Bronwyn McGahan (Sinn Féin) confirmed that her party supports an elastic redefinition of the family:
"All family forms should be given equal respect and value in law. The traditional family form based on marriage should not be given higher status in law or practice than any other family form. Law and social policy should recognise the diversity of family life in Ireland. All families, including unmarried families, have the same rights to respect, care, support, protection and recognition."
Like Caitriona Ruane, Colum Eastwood (SDLP) tried to enlist past controversies in a fight against today's upholding of natural marriage in law:
"Marriage is an institution that has evolved over time. One hundred and fifty years ago, Catholics and Protestants in Ireland could not be married at all; now they can. Marriage used to be a property transaction rather than an institution in which two people loved each other and wanted to commit to each other. It used to be the case that, if a man was accused of rape, it would be all right if the victim was his wife. That is how far we have come in society. Adultery used to be a criminal offence. Divorce in Ireland was not legal."
Basil McCrea (NI21) echoed Caitriona Ruane's attack on conscience:
"I think that it is really wrong that we allow personal morals to influence what should be a legislative assembly. I do not think that this should be a free vote. I think that it should be a proper whipped vote..."
Simon Hamilton (DUP), the Minister of Finance and Personnel, pointed out that protections for clergy against same-sex marriage:
"do not protect the religious beliefs of others, such as teachers or registrars, and it is entirely possible that faith organisations in Great Britain will be precluded from accessing public funding, services or public buildings because they object to same-sex marriage."

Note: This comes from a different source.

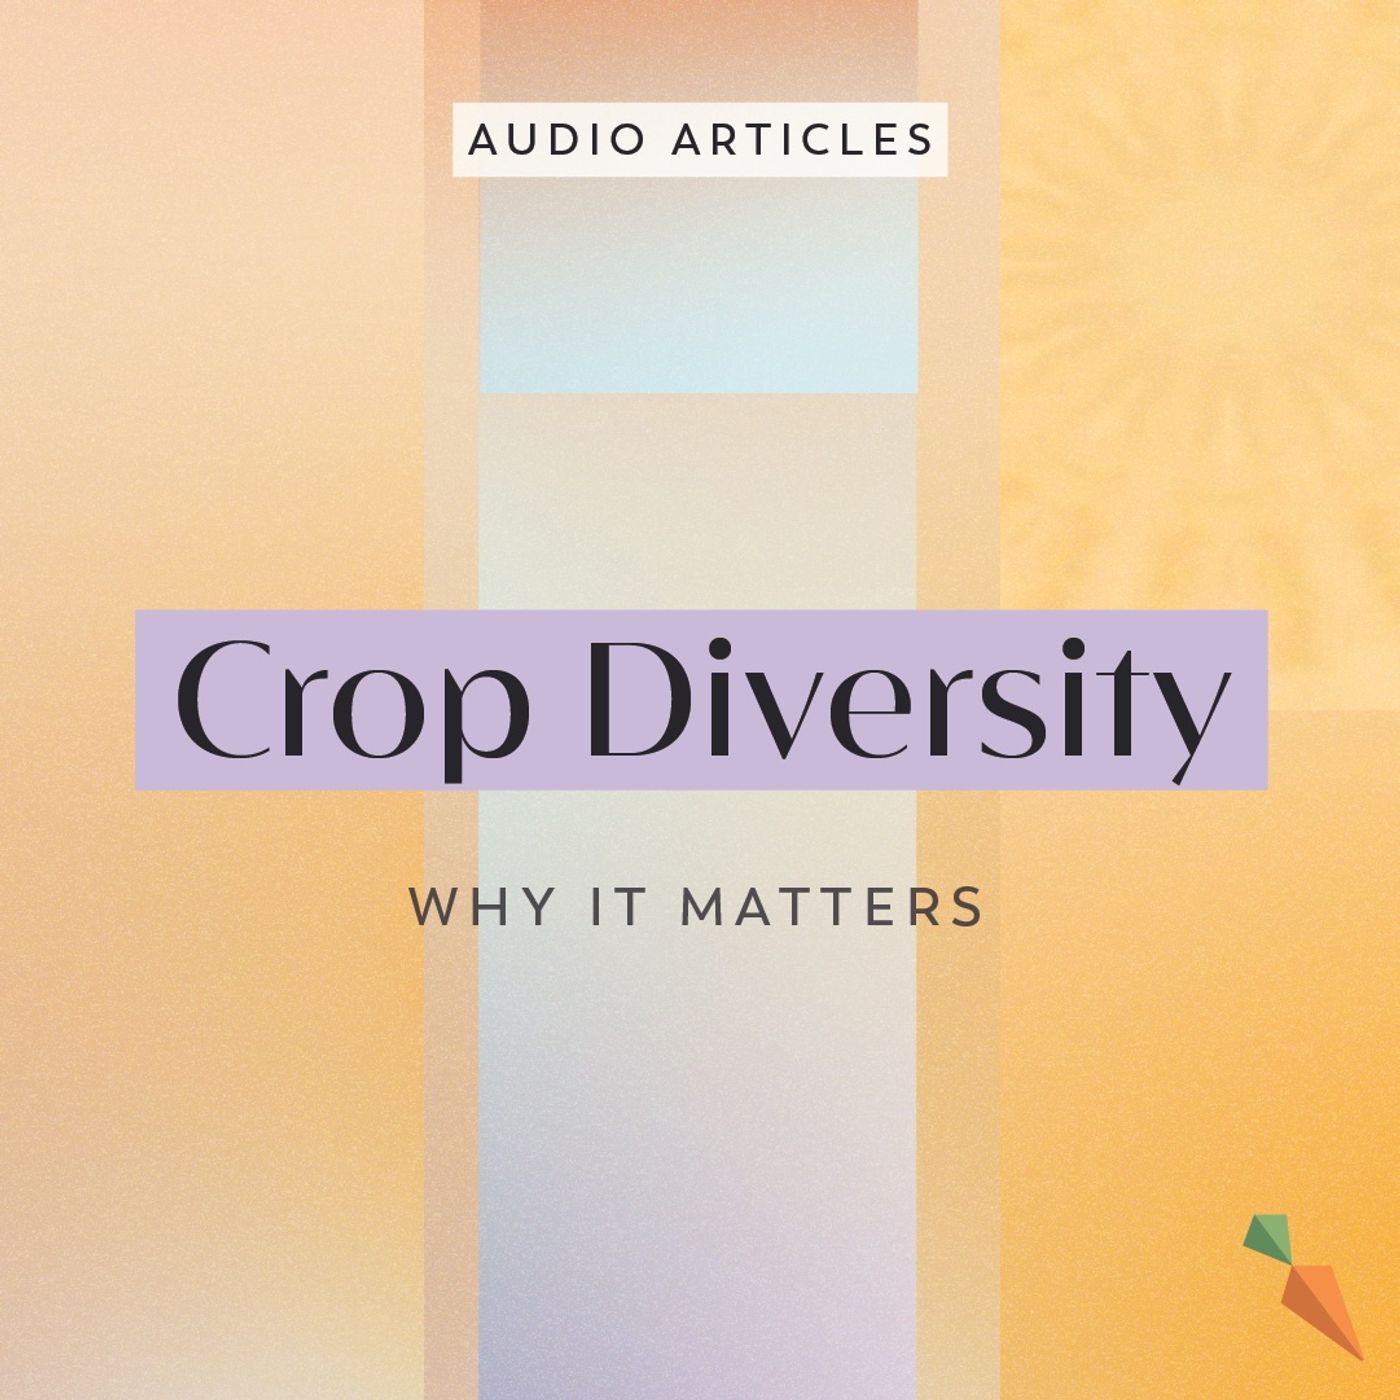 Crop Diversity: Why It Matters | FoodUnfolded AudioArticle

Megan Fearon (Sinn Féin) attacked:
"hetero-normativity...and distinct gender roles"
and made the flamboyant claim that:
"The battle for LGBT rights is the equivalent of the civil rights movement for my generation".
Thankfully the majority of Unionist MLAs were not fooled by such false rhetoric coming from the Marxist revolutionaries of Sinn Féin, and the motion was defeated.
Thanks Anthony. As a footnote, I would just add this: At one point in the debate Michael Copeland, one of the two Ulster Unionists who supported the motion said:
"I do not consider myself to be a worthy person to sit in judgement, moral or otherwise, on the emotions of other human beings."
This is a mantra being increasingly echoed, in all kinds of inappropriate contexts, around the world.

Judging is what legislators do for a living. They judge what is for the common good of humanity – beginning with the common good of the family. As article 16 (3) of the Universal Declaration of Human Rights states:
“The family is the natural and fundamental group unit of society and is entitled to protection by society and the State.”
Michael Copeland is judging. He is judging that same-sex marriage serves the good of society – despite overwhelming empirical evidence to the contrary.